In your copy, leave out the pictures and reproduce the listing below exactly.

** Opening Input data block **

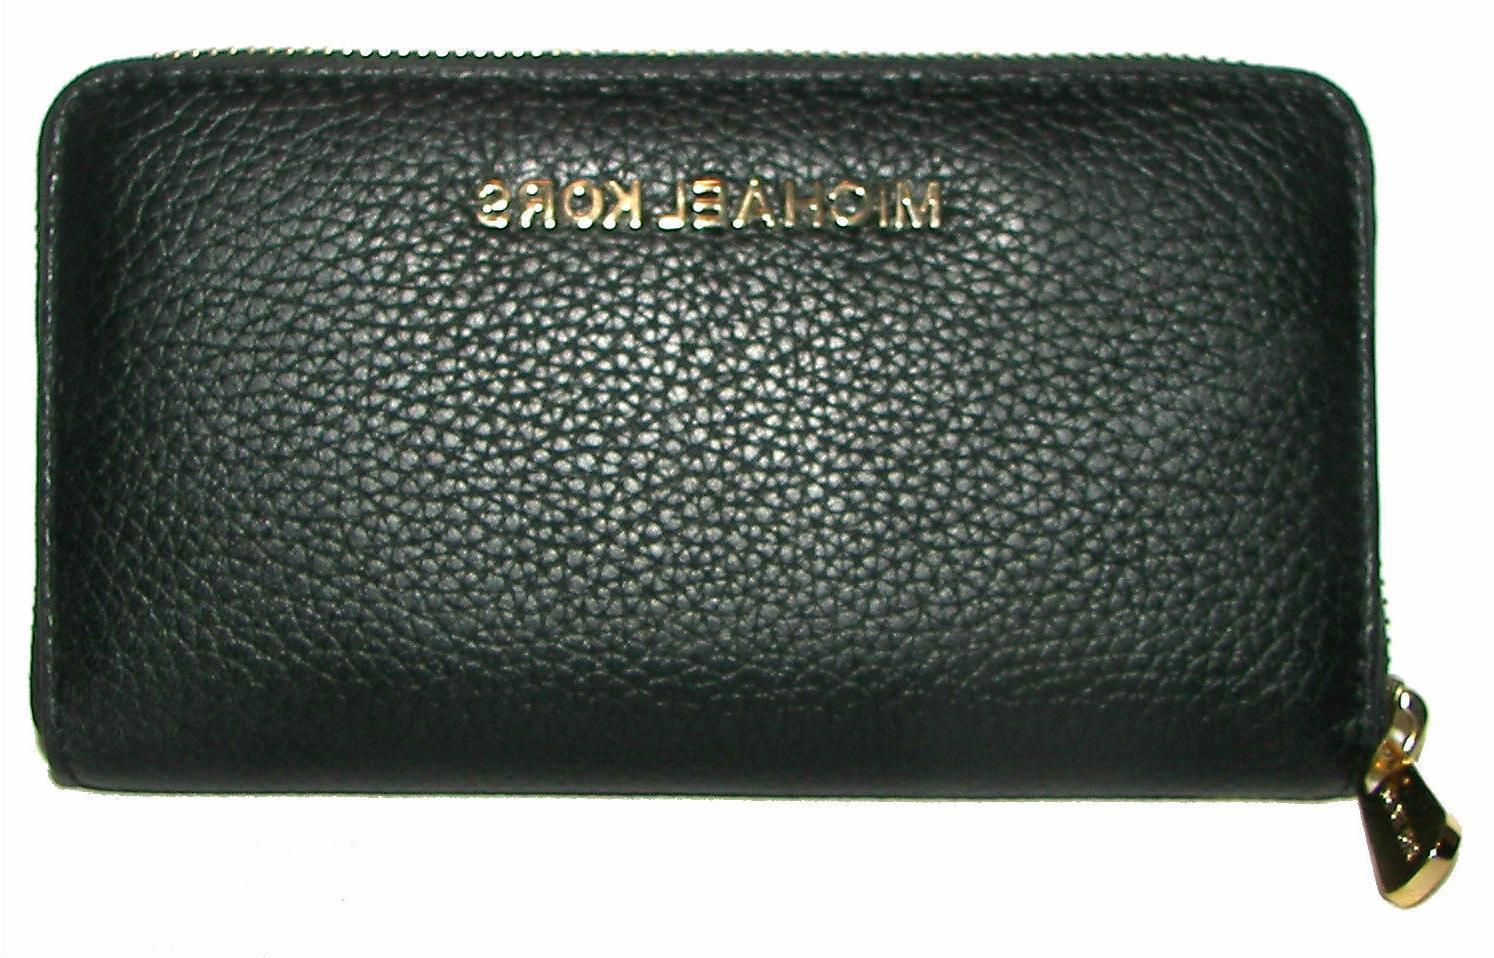 black leather tech zip around clutch wallet
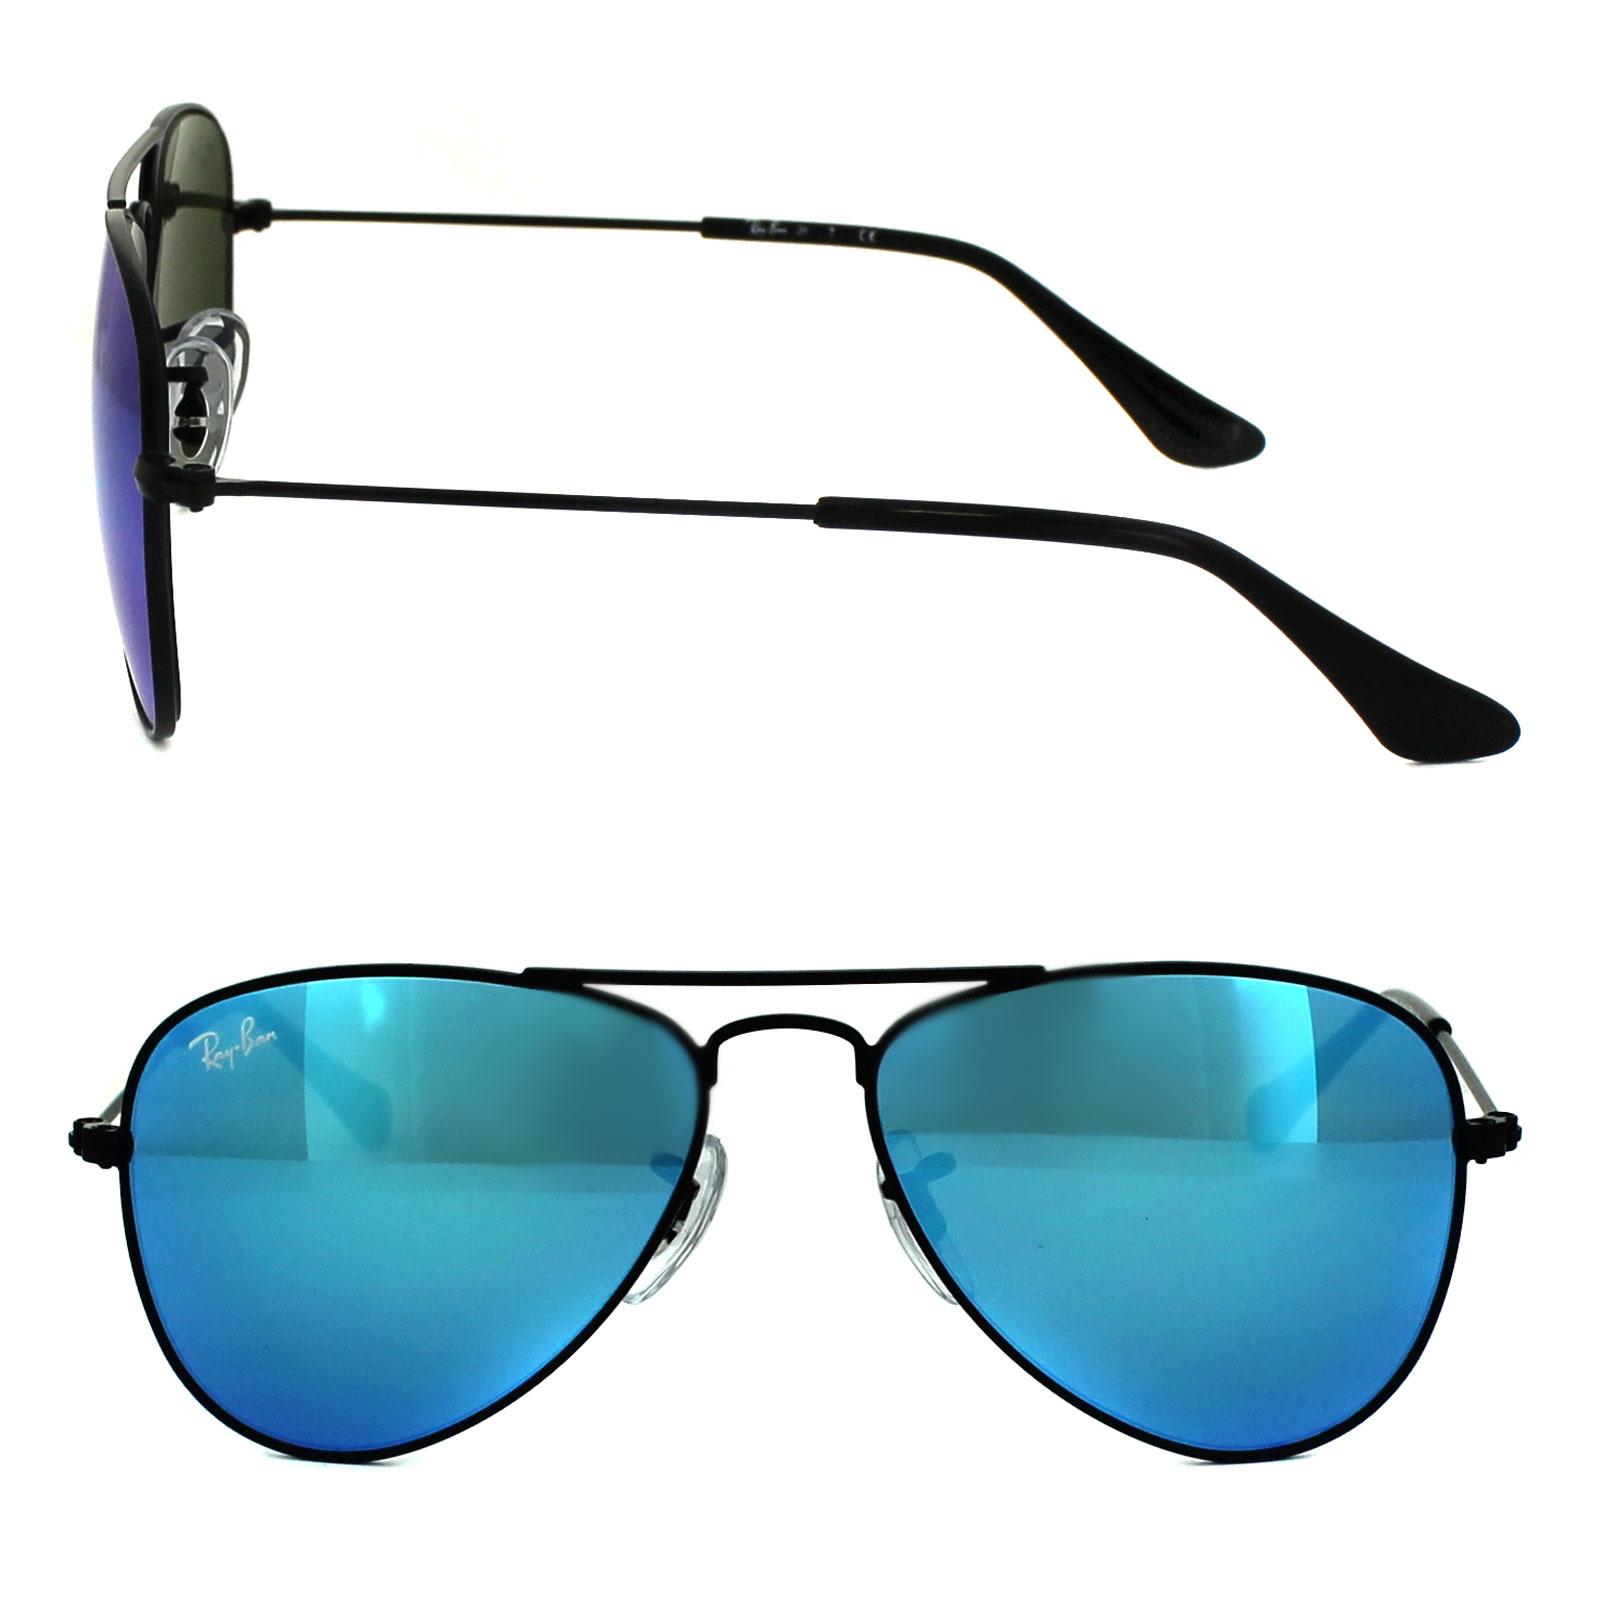 946a99f921b Sentinel Ray-Ban Junior Sunglasses 9506 201 55 Black Blue Flash Mirror
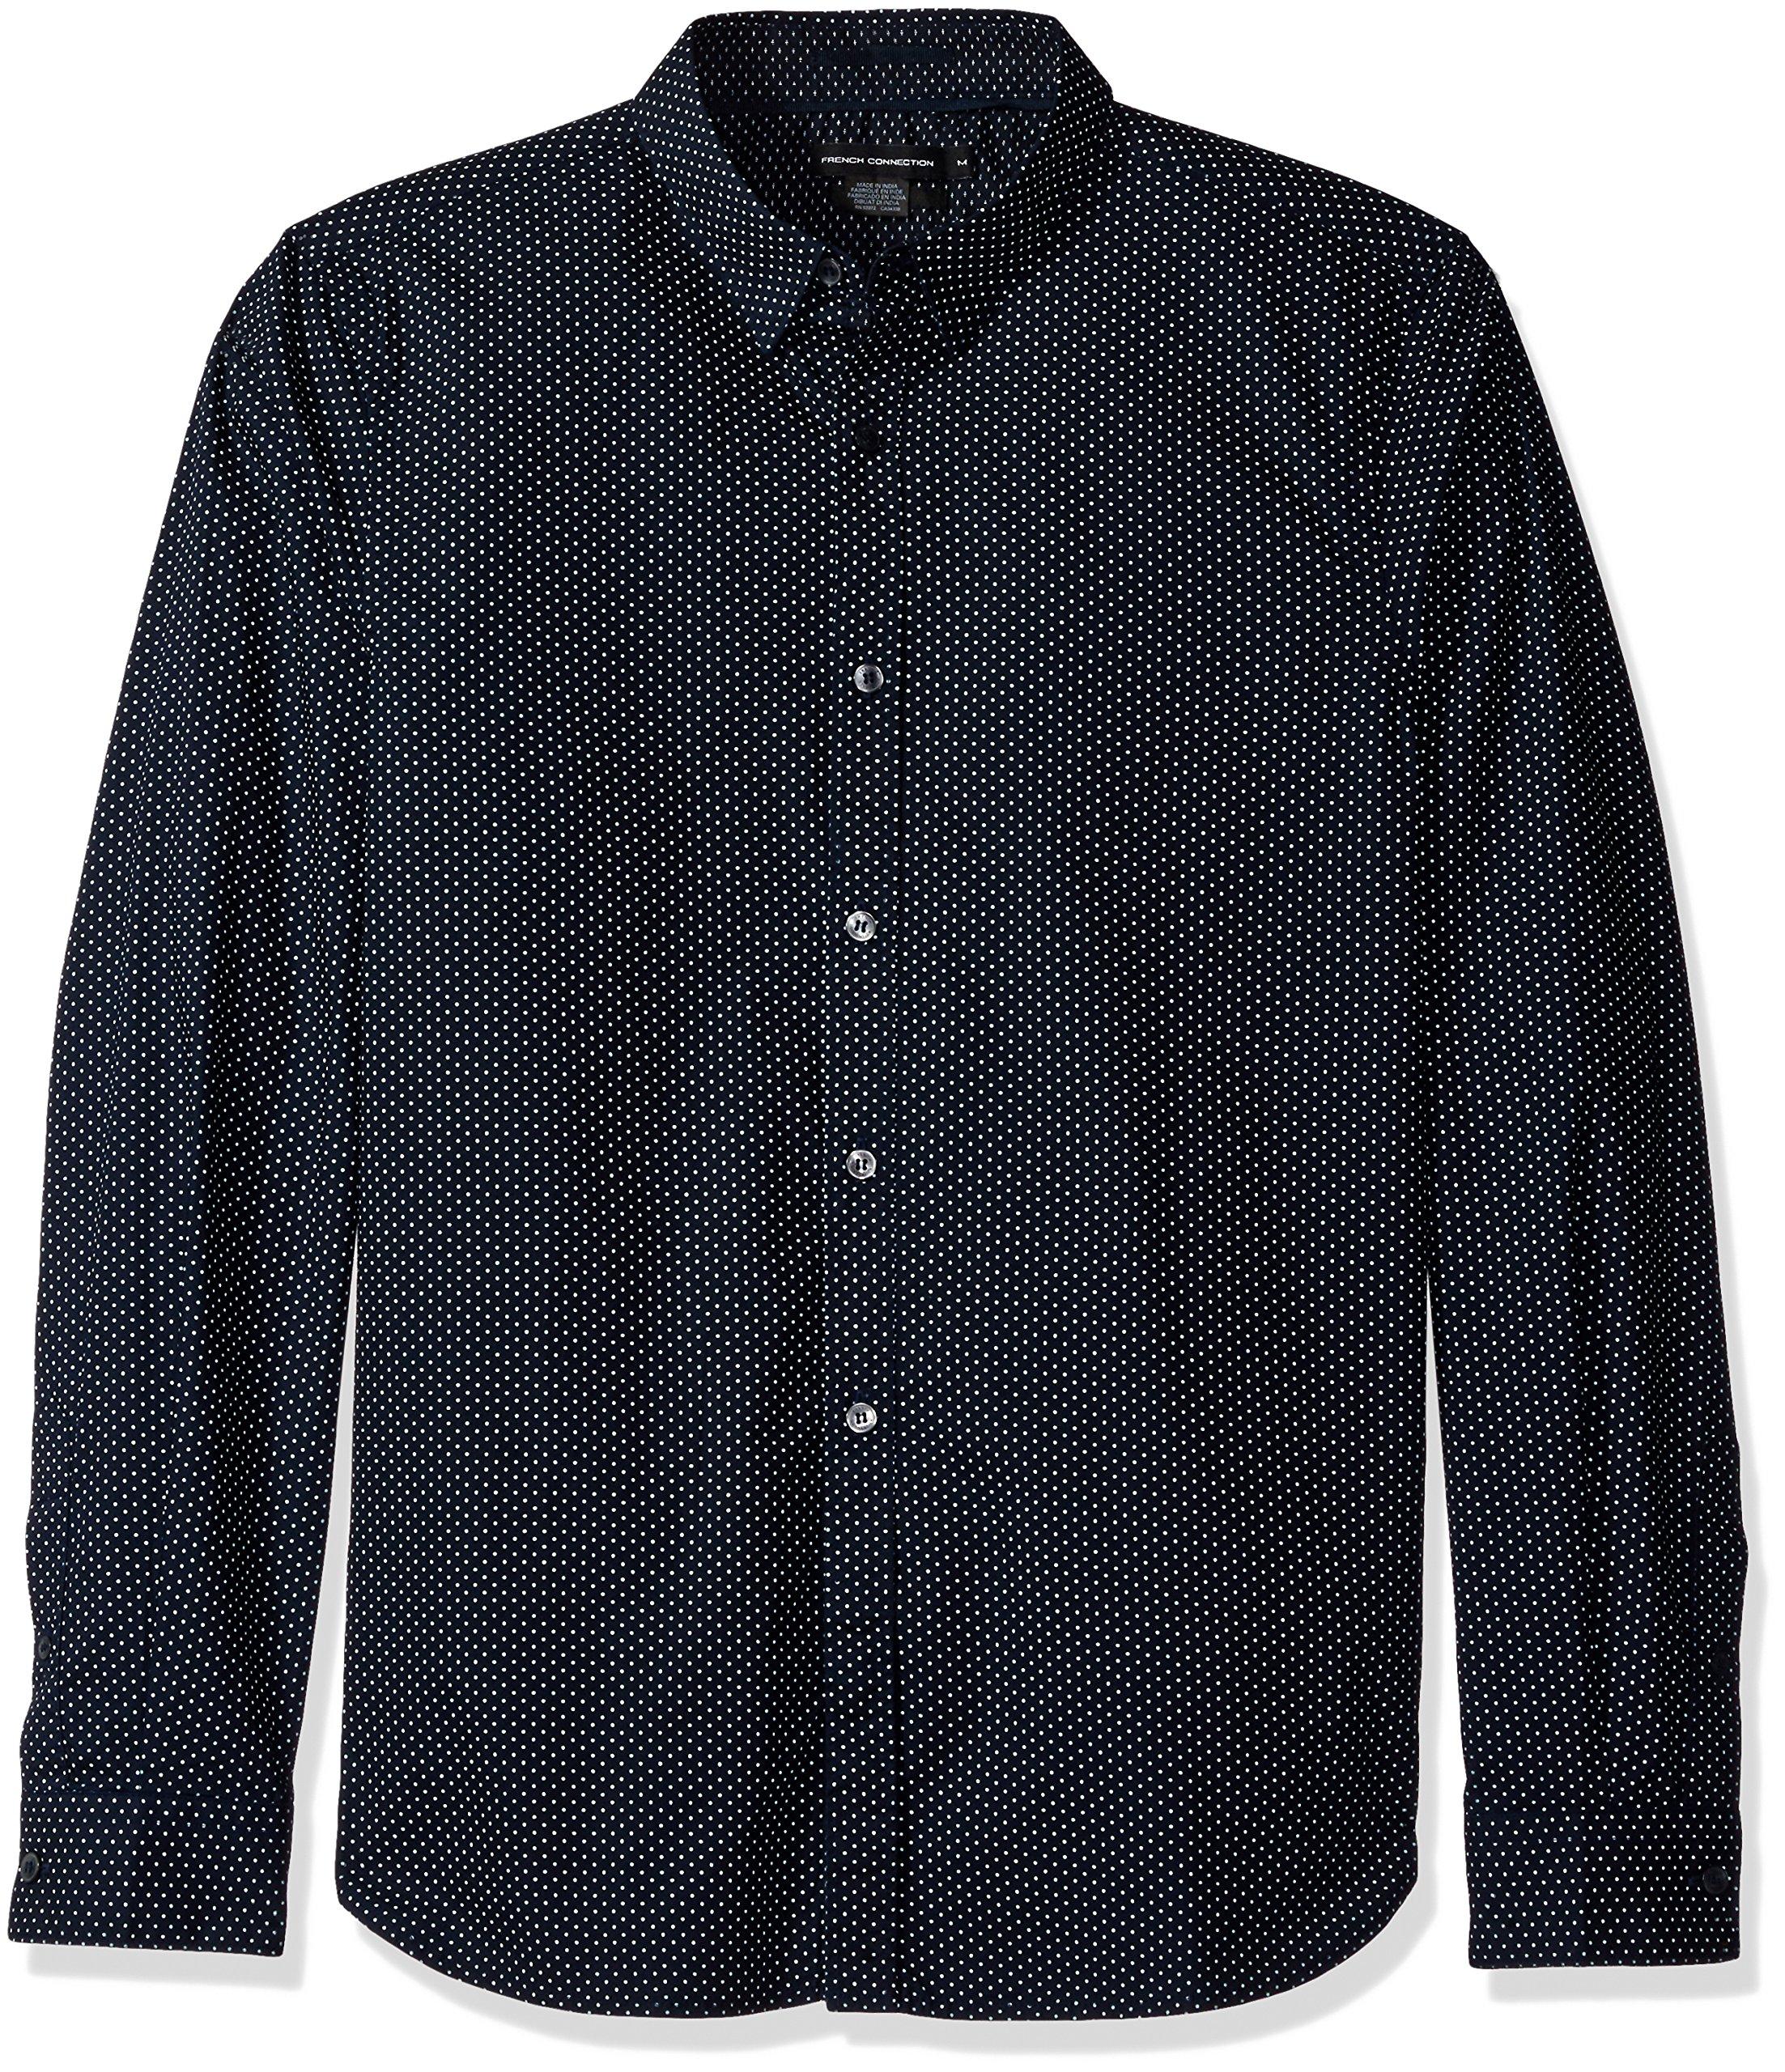 French Connection Men's Summer Dot Shirt, Marine Blue/White, L

** Closing Input data block **

### Response below
 black leather tech zip around clutch wallet
 946a99f921b Sentinel Ray-Ban Junior Sunglasses 9506 201 55 Black Blue Flash Mirror
 French Connection Men's Summer Dot Shirt, Marine Blue/White, L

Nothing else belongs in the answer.